The second reason for this birthday being important is that I am about to move out of my home of 19 years. Within a month of me being adopted by my parents, I was living in this house. It is my home, not just a house. My father gave me a piece of paper for my birthday, promising me $500 worth of furniture or other things I will need when I move out. $500 may just be a scratch on the surface, but it is making this moving out thing more real. More real than the unbelievable hope that it once was. I always knew I would move out, of course (maybe unlike my bum of a brother. *grin*), but to actually do it is a massive undertaking. Not just physically, but emotionally.

The third reason for this birthday being important is that for once in my life I feel some emotion towards my brother, other than hatred. My brother decided to also move out two weeks ago. (He is three years older than me.) Our basement where he bummed around for years without doing anything is getting empty, even though I don't know where he is taking his stuff. He is leaving because he hates my dad, and because he needs to get out on his own. He cannot always live dependant upon my father, but he always has.
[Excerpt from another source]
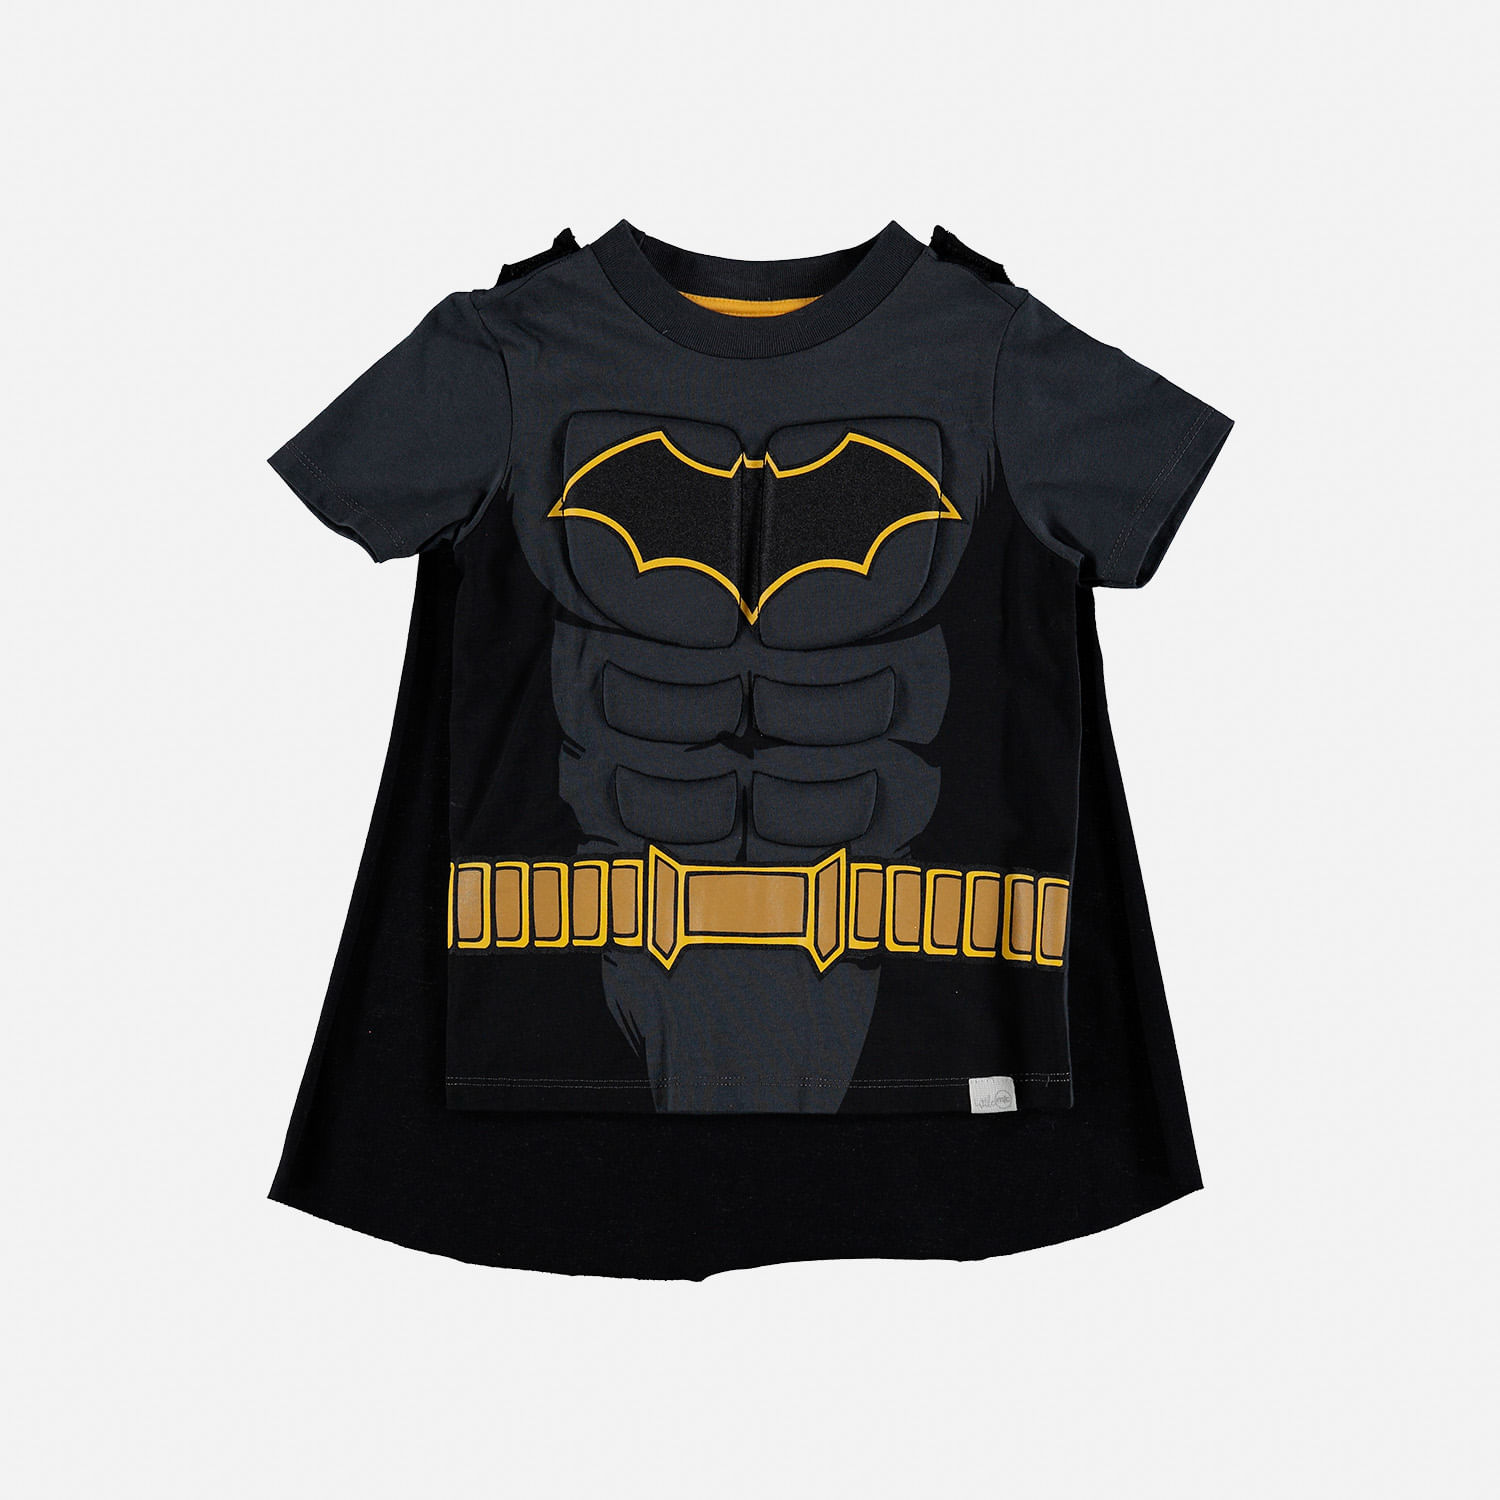 Camiseta de Batman con capa removible para niño de 2T a 5T - Tienda Online  MIC

Based upon past experiences, I can even say that he can't hold down a job for more than a couple months. He has never really tried to, though. I feel pity for him now, not hatred. Nothing else though. Yet?

The last reason for this birthday being important is that it is now just over ten years since my mother died, the victim of leukemia. Given ten years, I have buried this pain and it is not a part of my day to day life. It has now been an immense amount of time since this tragedy occured though, and it's amazing that what once utterly destroyed my little nine-year-old life is now just a distant memory. It is already incredible to see how fast time passes.

"Because we do not know when we will die, we get to think of life as an inexhaustible well, and yet everything happens only a certain number of times... How many more times will you remember a certain afternoon of your childhood... that is so deeply a part of your being you can't even conceive of your life without it? Perhaps not even that. How many more times will you watch the full moon rise? Perhaps, twenty. And yet it all seems limitless."
Paul Bowles' novel The Sheltering Sky

Update, a year and a half later: Me and my internet love survived the vacation in August. We came out of it feeling even closer and more connected than ever before. And then we broke up in December, after the euphoria of being together wore off and I realized that I regreted the relationship.

I moved out of my house, moved into an apartment. It was good. Eventually moved out of there, across the country, and then back a little while later. It's all good.

As for my brother, he had a son in January and I became uncle Lao-Tzu. He's currently working full-time and looks to have a promising future for once.